Assuming you need calibration data for every format. GPTQ and AWQ both require a small calibration dataset (typically 128 samples from the training distribution). GGUF and NF4 do not. If you are quantizing a model for which you do not have representative sample data, GGUF is the simpler path.
Quantizing for GPU, then trying to run on CPU. A GPTQ model uses GPU-only kernels. There is no CPU fallback. If you download a GPTQ model from Hugging Face and try to run it with llama.cpp, it will not work. Similarly, GGUF models run poorly (or not at all) in vLLM. The format and the runtime are coupled.
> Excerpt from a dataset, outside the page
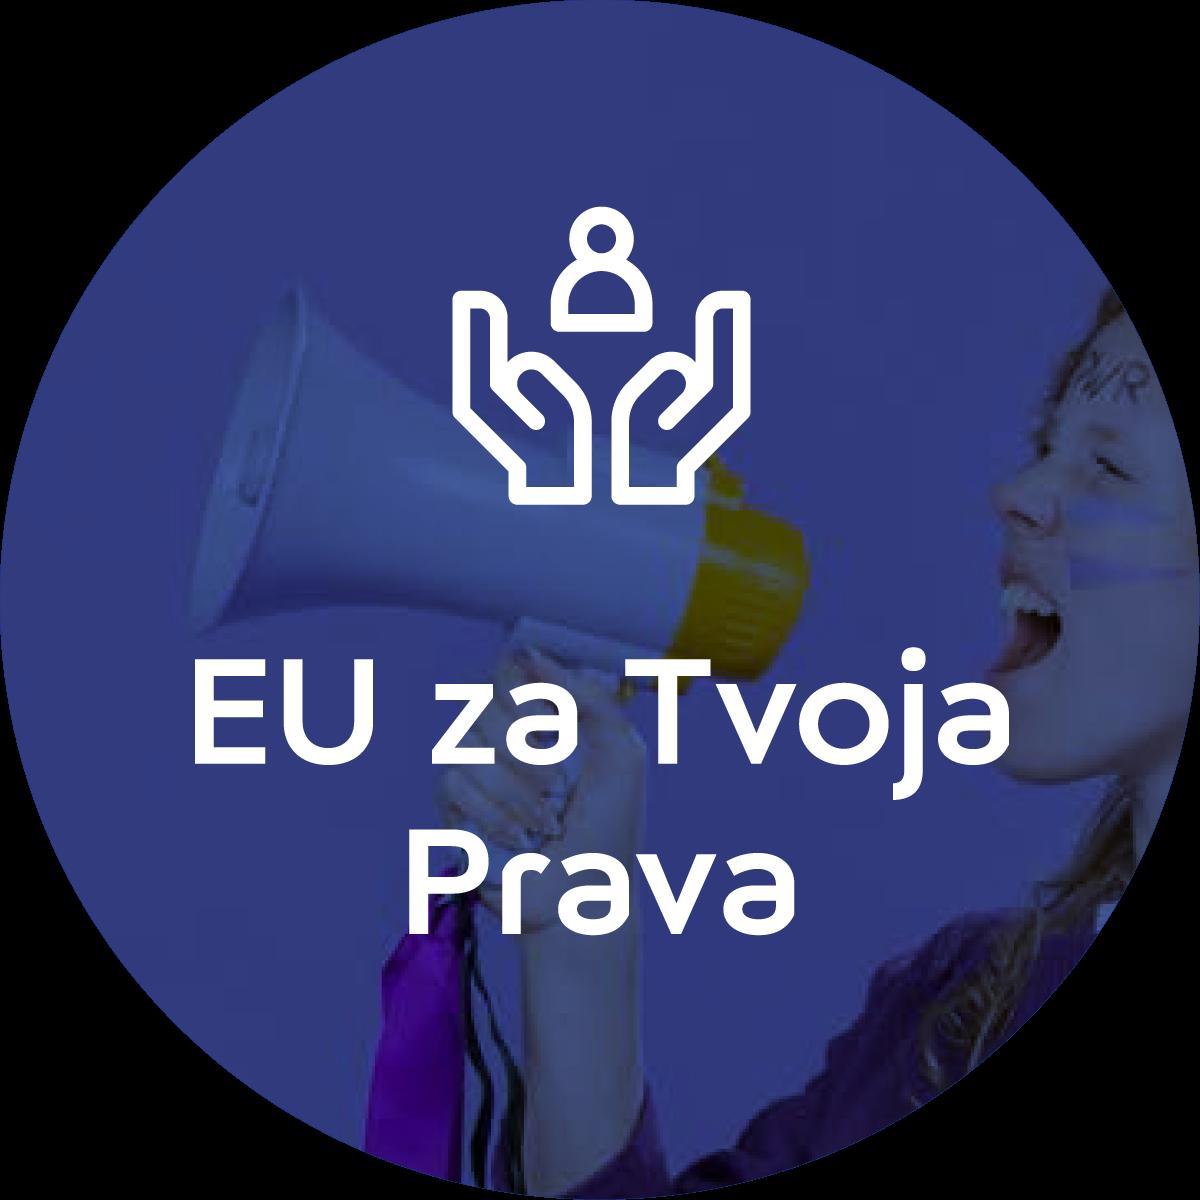 EU za tvoja prava

Building an AWQ model with a stale version. AutoAWQ v0.2.9 (May 2025) is the latest release, but HF Transformers v5.11.0 (June 2026) also includes native AWQ loading via transformers.AwqConfig. If you use the Transformers integration, you do not need the standalone AutoAWQ library. Check which path is supported by your inference engine.
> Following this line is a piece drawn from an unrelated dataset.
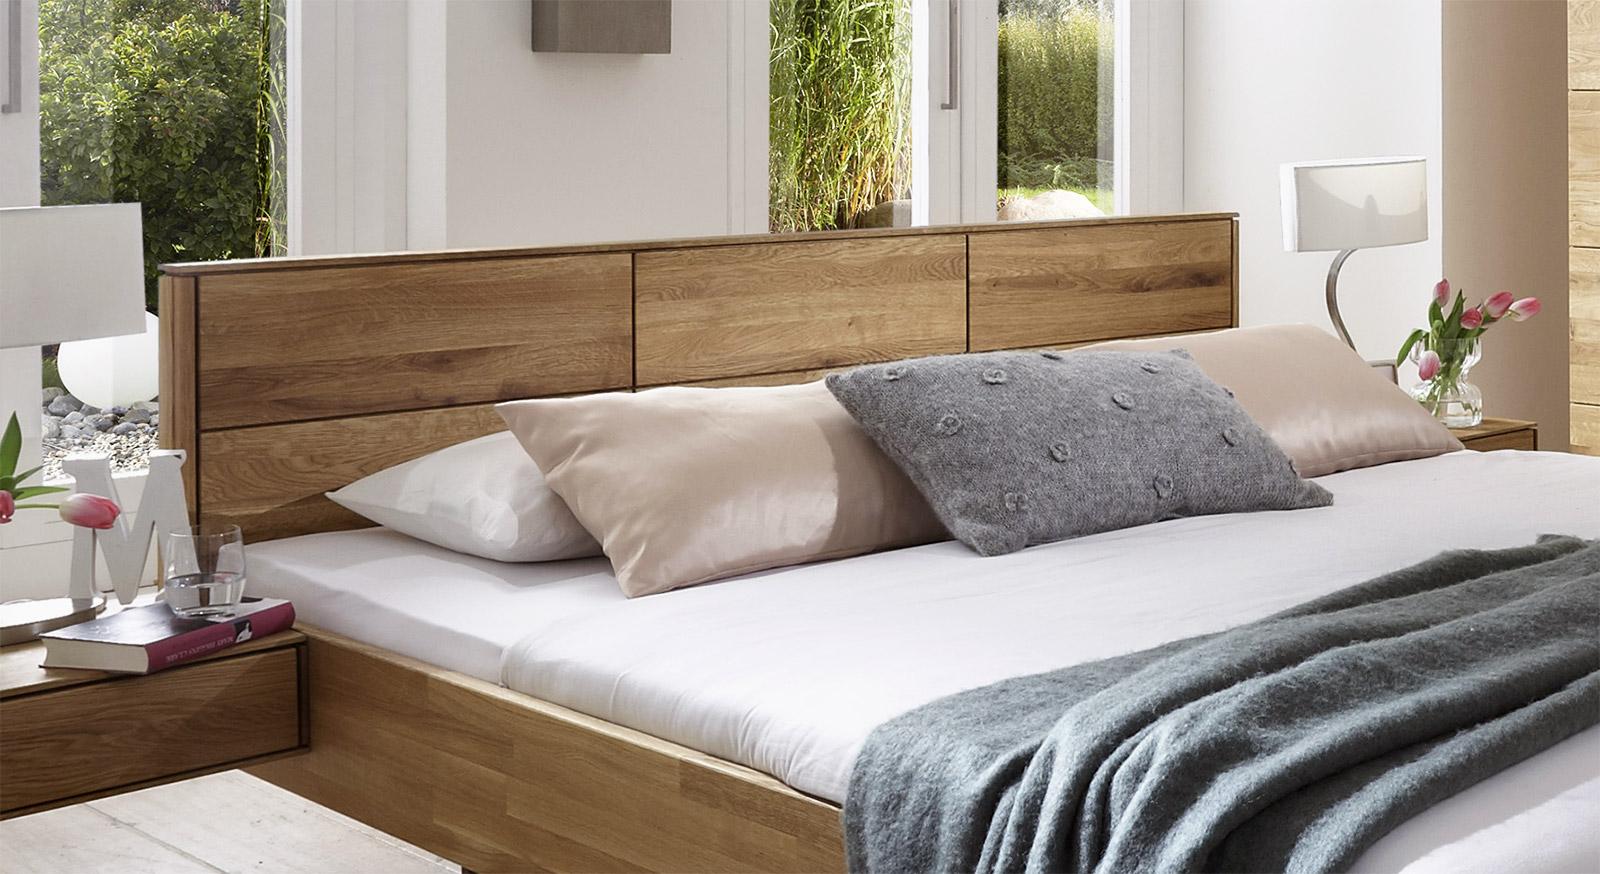 Bett Terrano mit Massivholz-Kopfteil

Using NF4 for deployment. NF4 is not a format designed for fast inference. The bitsandbytes 4-bit dequantization path is slow compared to the dedicated kernels in GPTQ (Marlin) or AWQ (Triton). Use NF4 for QLoRA training, then re-quantize to GPTQ or GGUF for deployment.
When NOT to use each format
Do not use GGUF if you are serving a high-throughput API on NVIDIA GPUs. The CPU fallback path of llama.cpp is slower than GPTQ's Marlin kernel at batch sizes above 1.
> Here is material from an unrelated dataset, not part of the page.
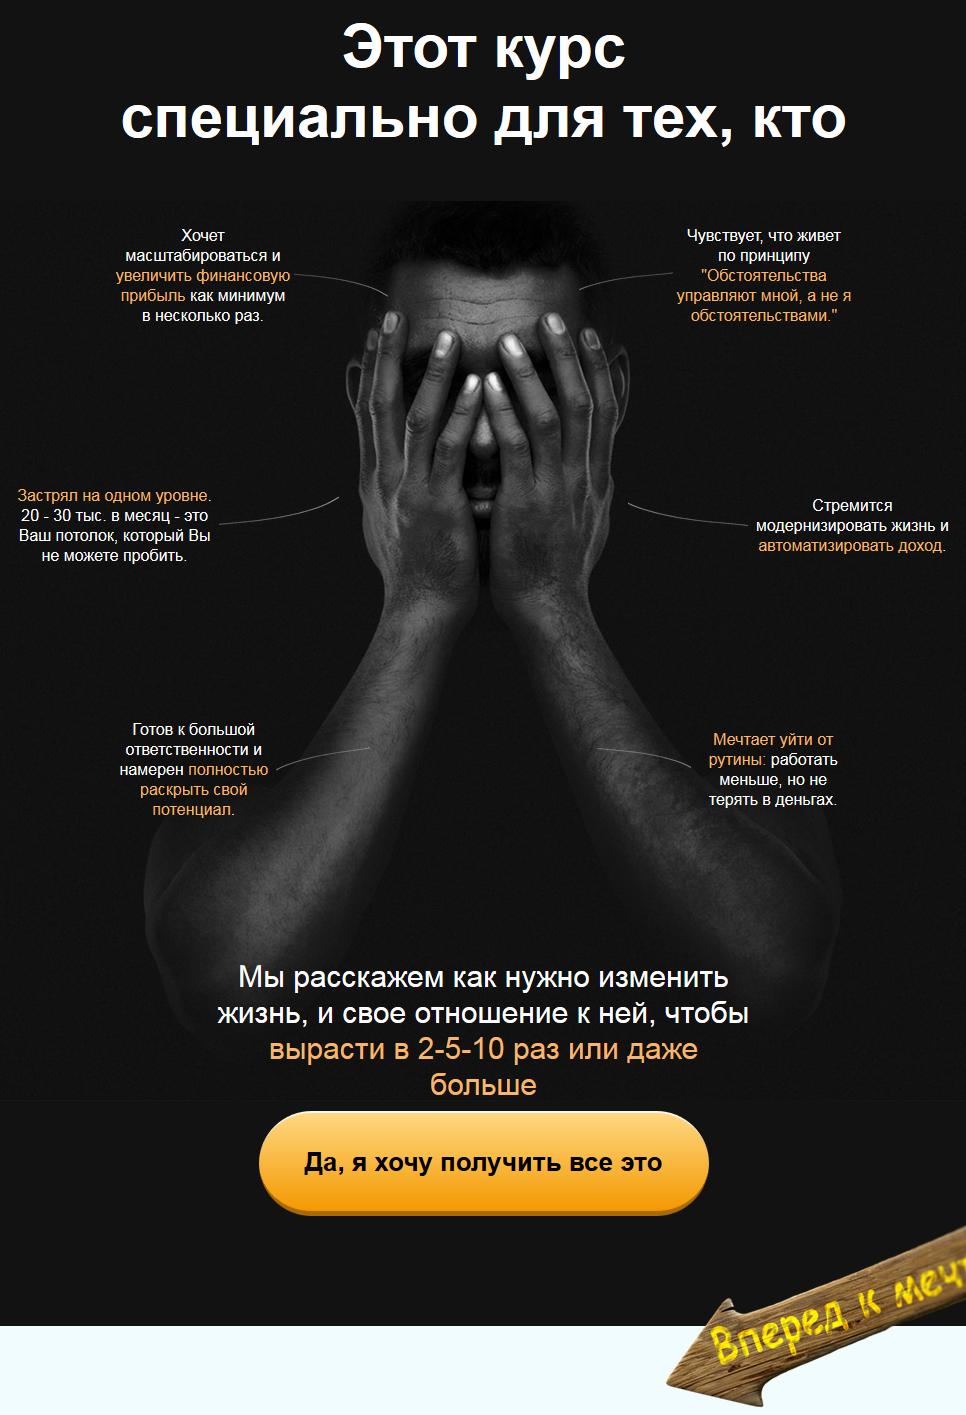 [Игнат Шмагун] Сделай Шаг. Начни зарабатывать от 4.000 рублей в день-2.jpg

Do not use GPTQ if your deployment target is a MacBook, a Raspberry Pi, or any non-NVIDIA GPU. GPTQ kernels are NVIDIA CUDA-only. For Apple Silicon, use GGUF. For AMD GPUs, check if ROCm-based GPTQ kernels are available (limited support as of mid-2026).
Do not use AWQ if you cannot provide a representative calibration dataset. AWQ relies on activation statistics from real data. A mismatch between calibration data and deployment data degrades the saliency detection and can increase accuracy loss.
Do not use NF4 for anything beyond training. It is a storage format for the QLoRA paper, not a deployment format. If you see a model on Hugging Face labeled "NF4", it was likely uploaded as a training checkpoint, not a serving artifact.
TL;DR
- There are four mainstream LLM weight quantization formats: GGUF, GPTQ, AWQ, and NF4. Each targets a different deployment scenario.
- GGUF (llama.cpp) is for CPU and Apple Silicon inference. It is a self-contained single-file format with no calibration step.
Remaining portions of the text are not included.